И вдруг четыре недели спустя он улыбнулся Луизе, когда она подала на стол анисовое крем-брюле, придвинулся ближе и объяснил, о чем просит.

Предложи он ей деньги, Луиза знала бы, как поступить: дать наглецу пощечину и продолжить делать свою работу. Мсье Жюль, конечно, потерял бы самого давнего клиента, но смирился бы. Дело было не в деньгах, а... Сексуальный подтекст имелся, но...

«Я бы хотел увидеть вас обнаженной, — спокойно произнес доктор. — Один раз. Всего один. Я буду только смотреть, ничего больше».

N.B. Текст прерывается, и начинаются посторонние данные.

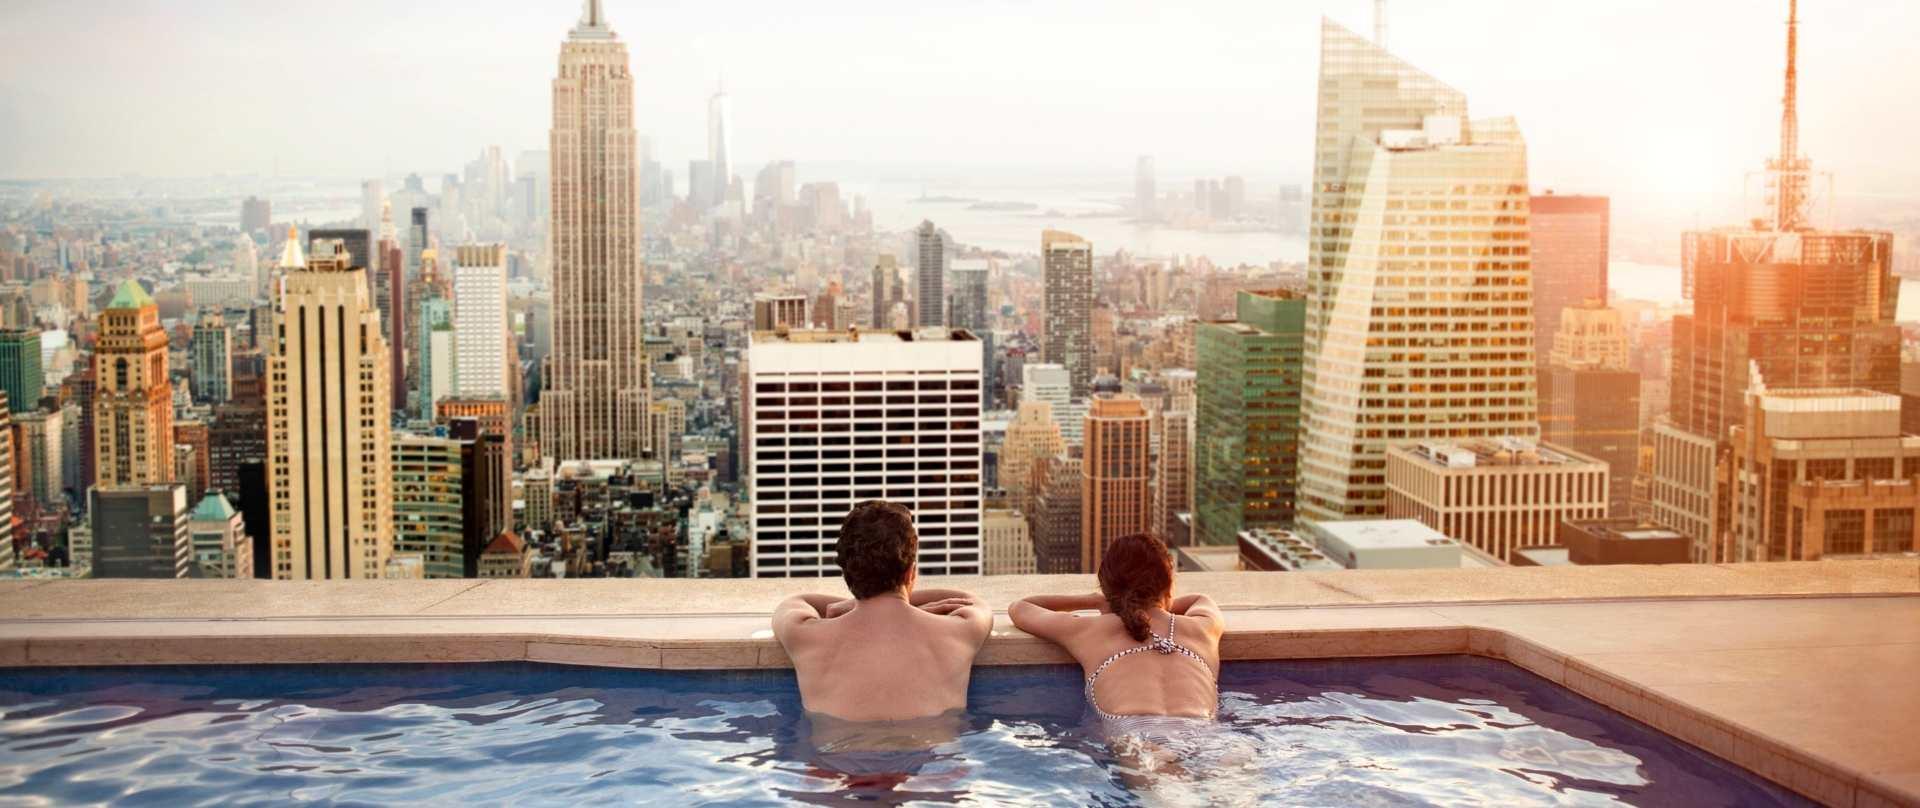 Paar in einem Rooftop-Pool in New York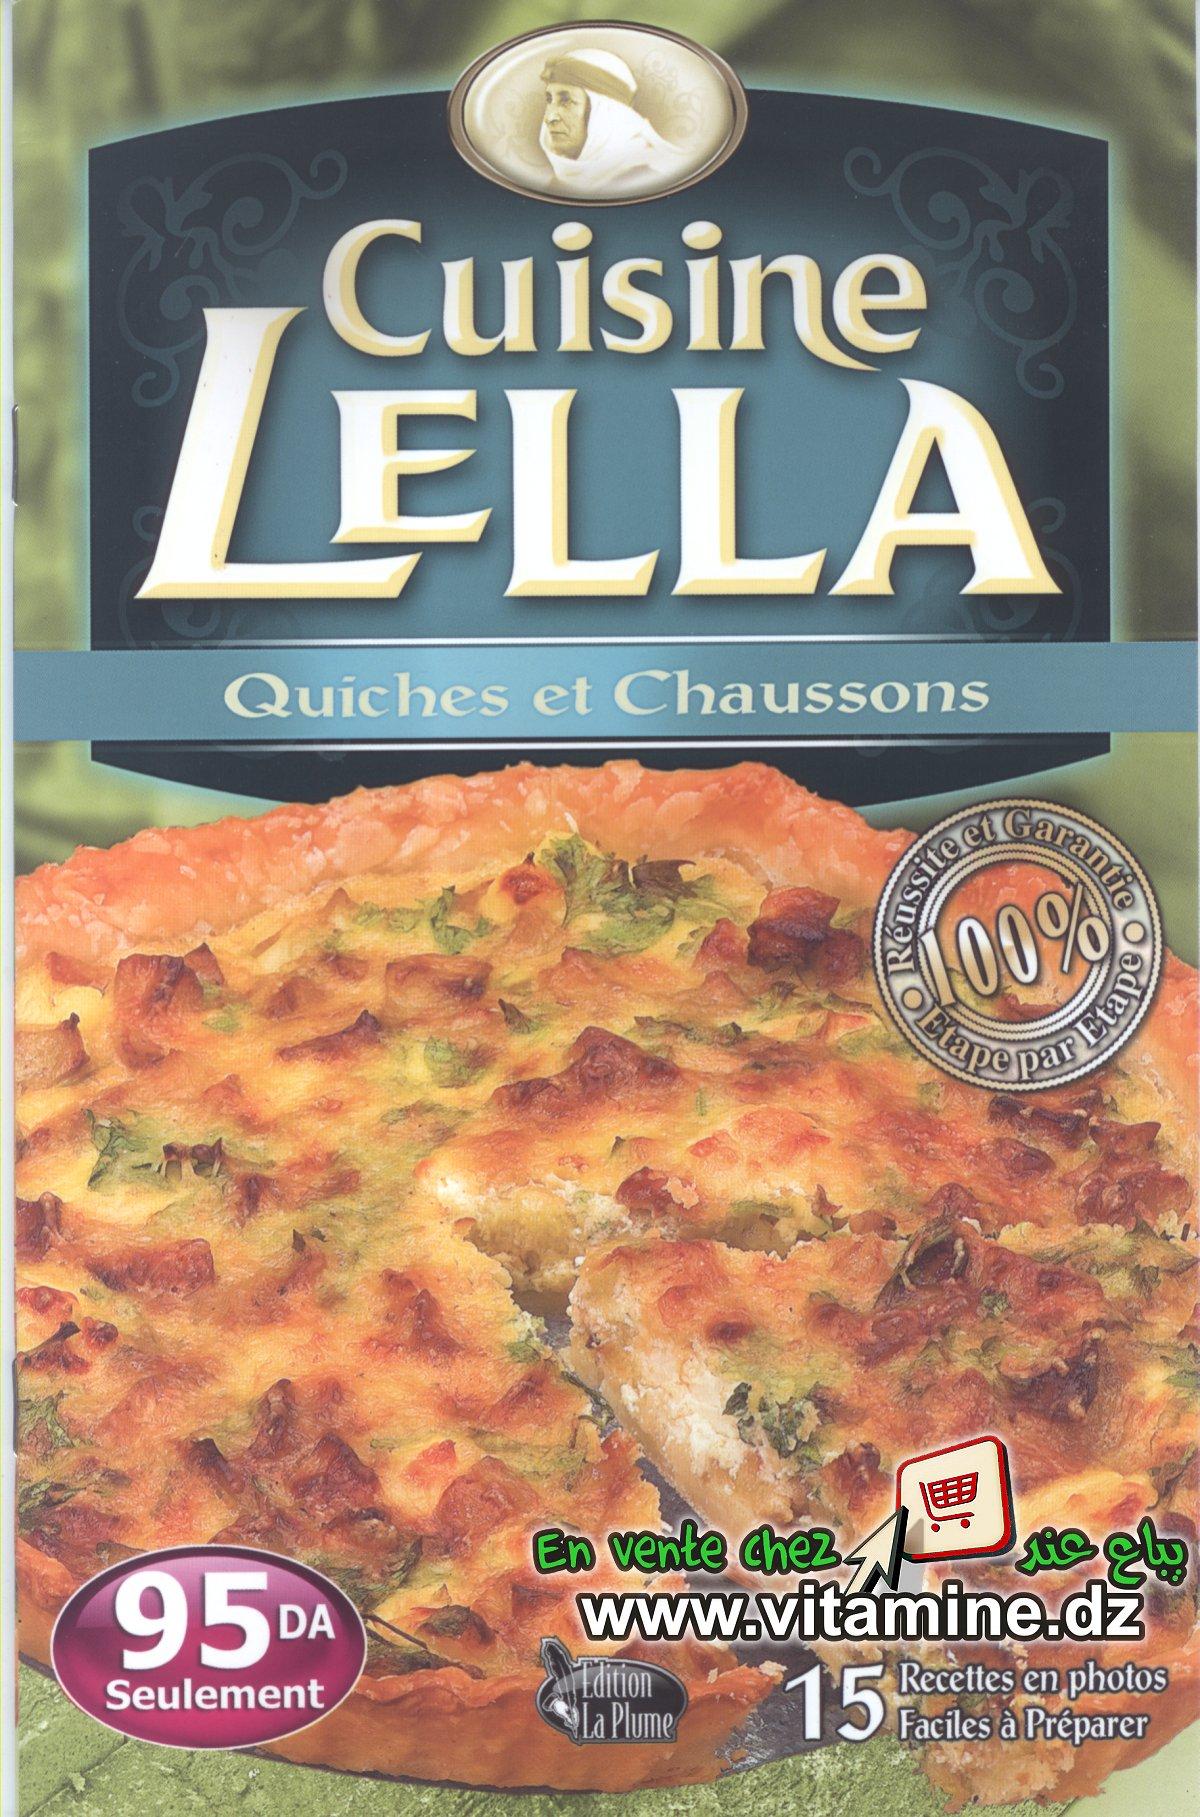 Cuisine Lella - Quiches et chaussons

Ошарашенная Луиза не нашлась что сказать, покраснела, как провинившаяся девчонка, и лишилась дара речи. А доктор вернулся к чтению. Девушка задумалась, уж не померещилось ли ей случившееся...

Весь рабочий день она думала только о странном предложении, испытывая то растерянность, то бешенство и сознавая, что дать отпор следовало мгновенно. Упереть кулаки в бока, как делают базарные торговки, наорать на доктора, призвать в свидетели сидящих за столиками людей, опозорить наглеца... Луиза так разозлилась на себя, что уронила тарелку, та с грохотом разбилась вдребезги на кафельном полу и вывела ее из ступора. Она ринулась в зал.

Доктор ушел.

Газета осталась лежать на столе, она схватила ее и швырнула в мусорную корзину.

— Да что с тобой такое, девочка?! — возмутился мсье Жюль, рассматривавший прессу и забытые зонты как военные трофеи.

Он «спас» злосчастную газету и разгладил ее ладонью, не сводя с официантки недоумевающего взгляда.

Луиза совсем юной начала работать по субботам в «Маленькой Богеме». Мсье Жюль, владелец ресторана, сам стоял у плиты. Крепкий, медлительный, большеносый и лопоухий, с чуть скошенным подбородком и седеющими усами, он ходил в старых домашних туфлях, черном берете (никто не видел его с непокрытой головой) и не снимал щегольского фартука, готовя на тридцать человек. «Парижская кухня! — так он называл единственное блюдо, потрясая указательным пальцем, и добавлял, презрительно фыркнув: — Хотят разнообразия, пусть идут через дорогу!» Деятельность мсье Жюля была окутана тайной. Никто не понимал, как этому медведю, не покидавшему своего места за барной стойкой, удается готовить столько вкусной еды. Ресторан не пустовал, мог бы работать по вечерам и в воскресенье и даже расшириться, но мсье Жюль этого не хотел. «Никогда не знаешь, кто войдет, если дверь распахнута настежь... — и добавлял: — Уж я-то знаю...» Многозначительная фраза призвана была интриговать аудиторию.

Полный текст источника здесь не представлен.